Host: Nicole Petallides
Guest: Bill Barhydt, CEO Abra
Show: Opening Bell
Network: Schwab TV
Wednesday, March 18, 2026 (aired 9:40am ET)
Nicole Petallides: Welcome back to Opening Bell. We have the very latest on the floor of the New York Stock Exchange. I'm having a great conversation with Bill Barhydt, CEO and founder of Abra. This is a crypto company. We think of it now. You're calling it a Bitcoin bank model, Abra. Tell us more about the company.
Bill Barhydt: Sure, so our goal at Abra is very simple. We want to be the trusted wealth management platform for the crypto digital asset space. So we want to have a safe, easy place that high net worth investors, family offices, and now existing wealth managers can use for their clients to get them access to the crypto markets for yield, lending, staking, all the things that people need to do to use digital assets.
Nicole Petallides: And so when you're thinking about this, I mean, you know that Bitcoin and digital assets have become more and more popular with governments, with institutions, with individuals. It's not going away, right?

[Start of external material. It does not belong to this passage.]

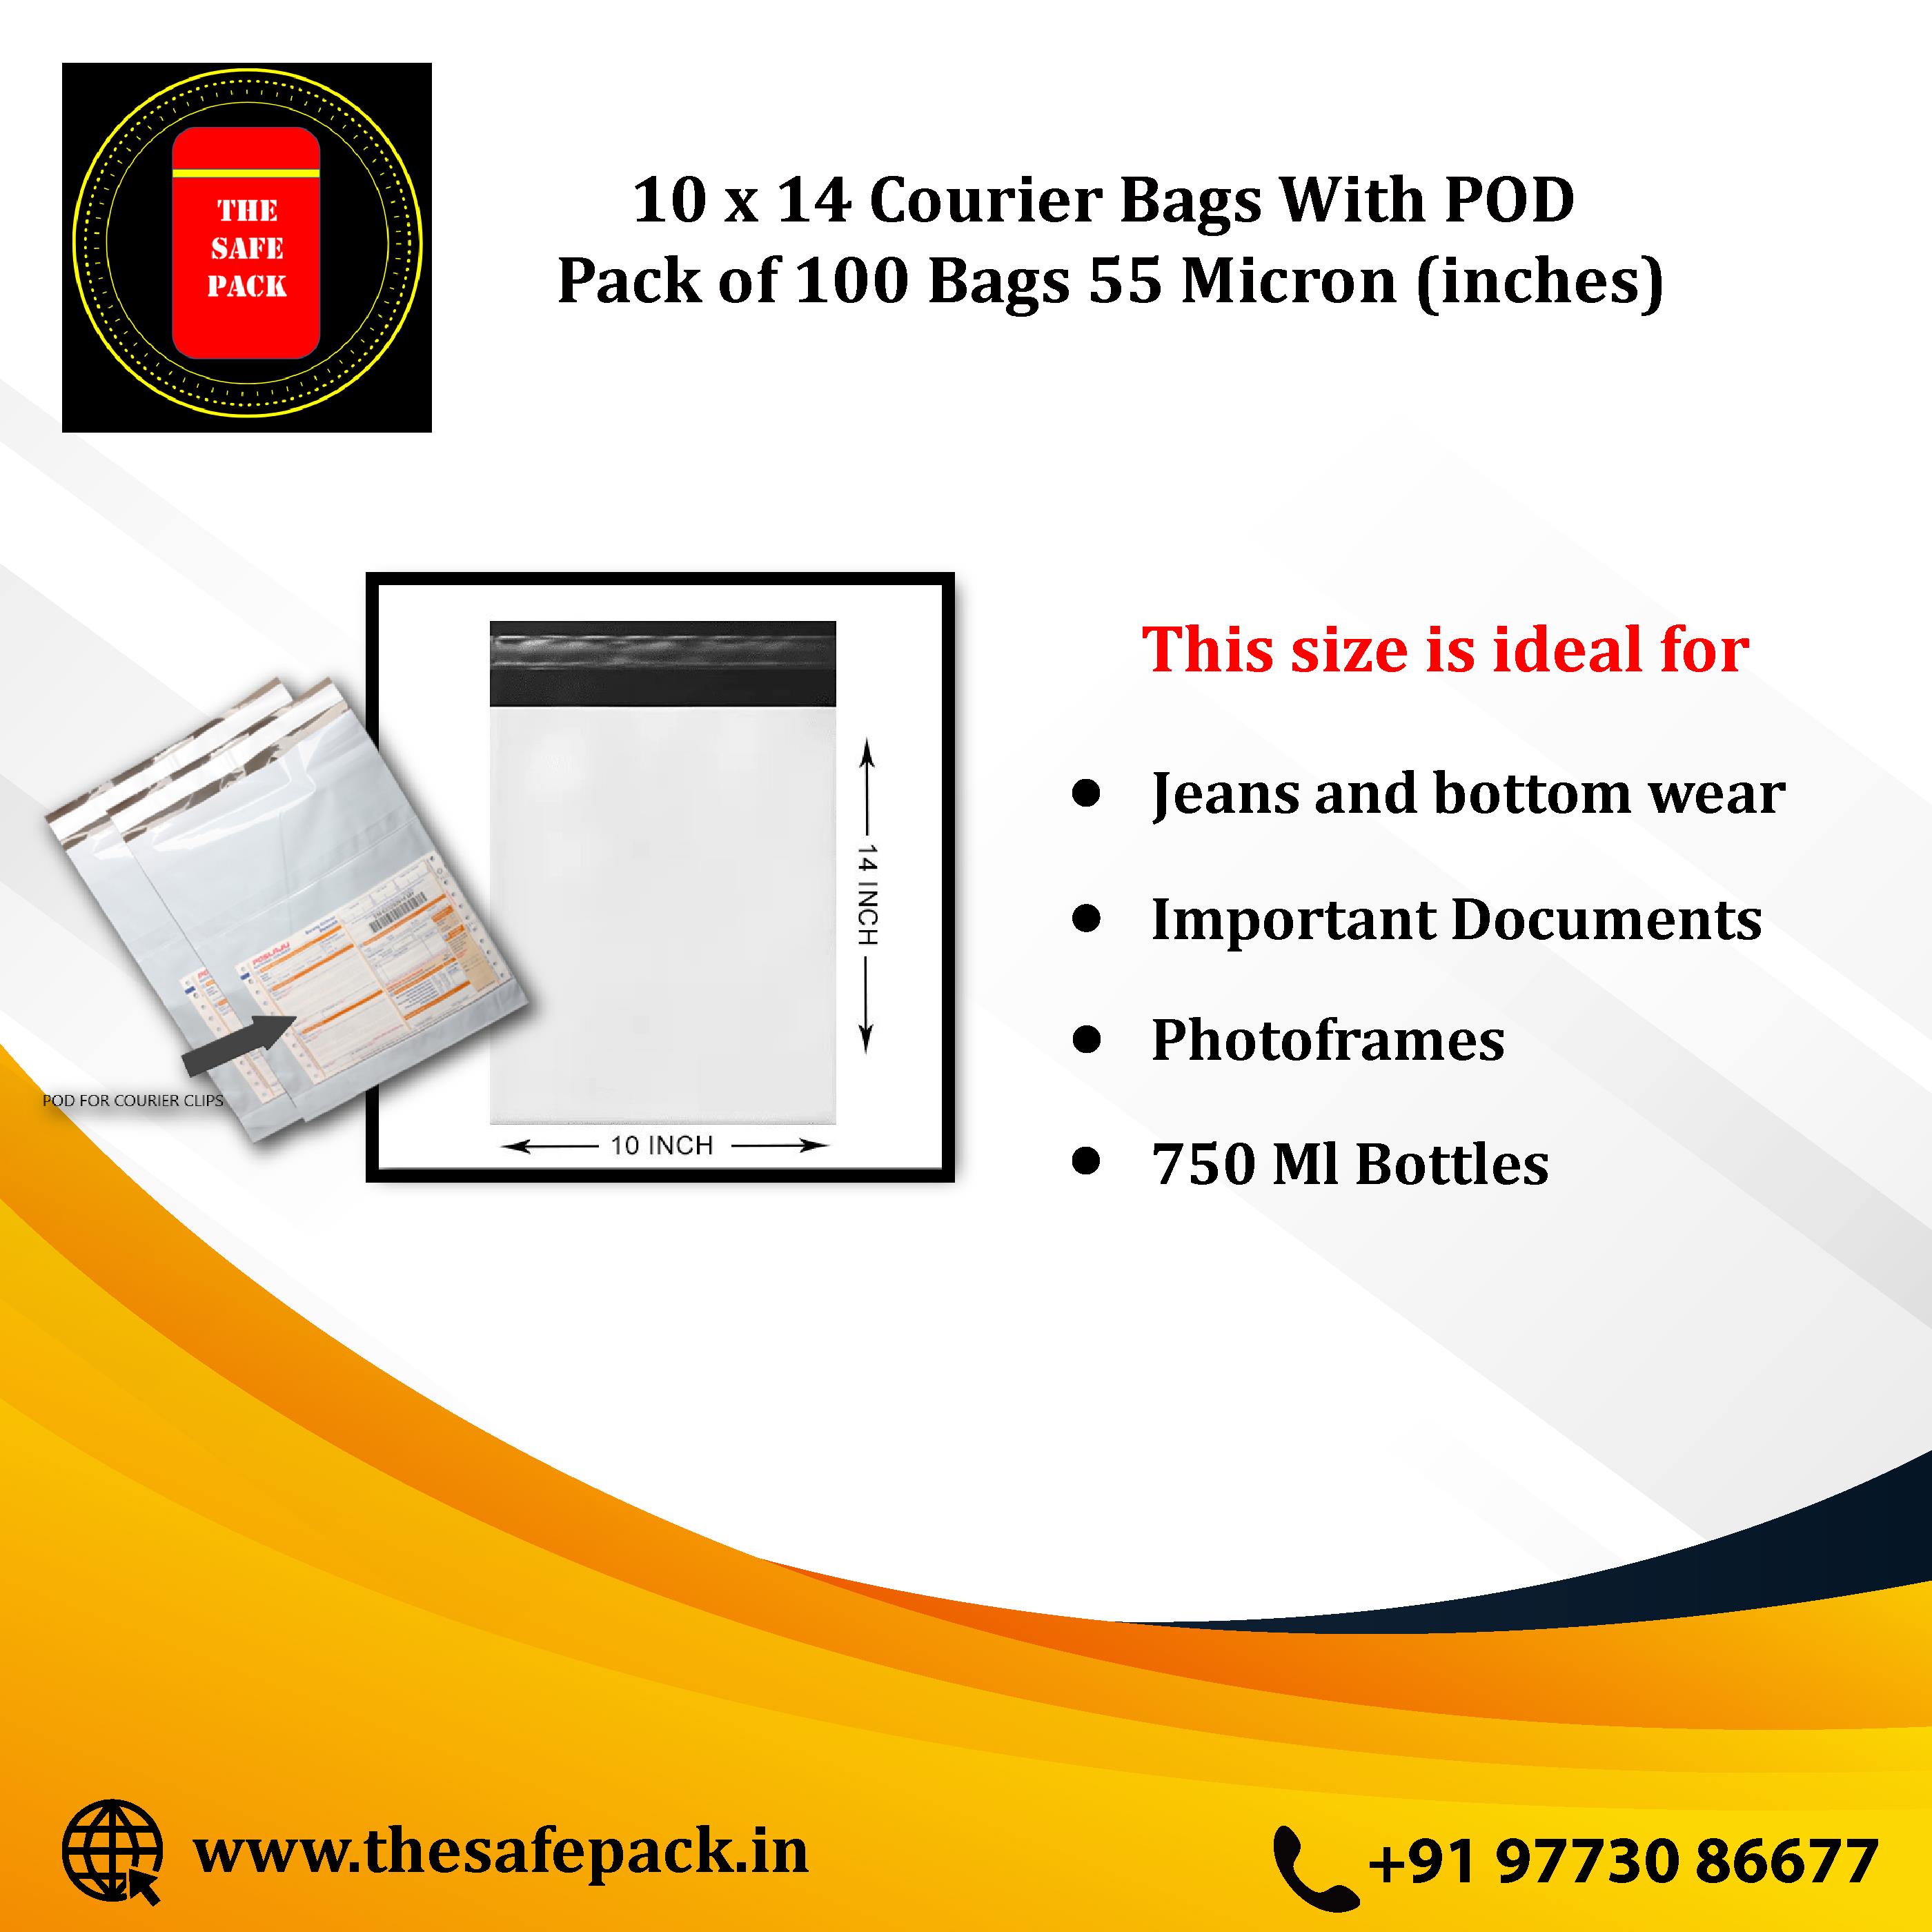 Customised Courier Bags with POD

Bill Barhydt: Obviously, it's not going away.
Nicole Petallides: I mean, this is obviously going to be a growth story in your opinion, and that is why you've done this tie up with New Providence III, which now it's going to go from that, and once you get all the regulation through, you'll be ABRX. Tell us about that backstory. Why was this the way to go?
Bill Barhydt: Sure, so, we had, several offers to figure out how to take the company public. We ended up tying up with Cantor Fitzgerald as our banker. They've been a fantastic partner for us. We've figured out the right model for us after a lot of, you know, back and forth conversation, due diligence on their parts, and ended up meeting with the New Providence team. We really gelled, and felt it was the right combination for us, and they felt the same. And several months later, a lot of blood sweat and tears, here we are. We'll be filing an S4 soon with the SEC, seeking approval, but we announced that the business combination agreement between the companies has been signed. The next step would be to file an S4 and seek SEC approval, which usually takes several weeks. And then after that, we would be listed.
Nicole Petallides: What's the best case scenario? I mean, could you be listed right now, you know, we're in March. I mean, could you be listed before summertime?
Bill Barhydt: I would assume normal case scenario would be sometime this summer.
Nicole Petallides: Yeah, that sounds right to you. I mean, are you feeling a little, you know, pleased that you're seeing Bitcoin having that, you know, people want it back now. It's at $72,000, you know, it was having a hard time even holding $60,000 for a little while, and it was at $127,000. You're a believer in the long term, but you don't want to see it down.
Bill Barhydt: Well, you know, look, if you want to buy a Ferrari, and it costs $250,000 and you're in love with the car, you'll love it more at $100,000. So, that's how I feel about Bitcoin, right? I mean, I'm in love with it at $125, but if I can buy it at $60, I'll take it, right? And so, look, for us, I mean, I kind of wish we were listed right now because we're going to put some of that capital into crypto on our balance sheet and I would love to buy it at, you know, whatever it is right now, $72,000 or whatever it's trading at, right? I can't say what it's going to be at once we're listed, I wouldn't be surprised if it was higher, no guarantees, but, you know, obviously, I prefer to buy it at a low price.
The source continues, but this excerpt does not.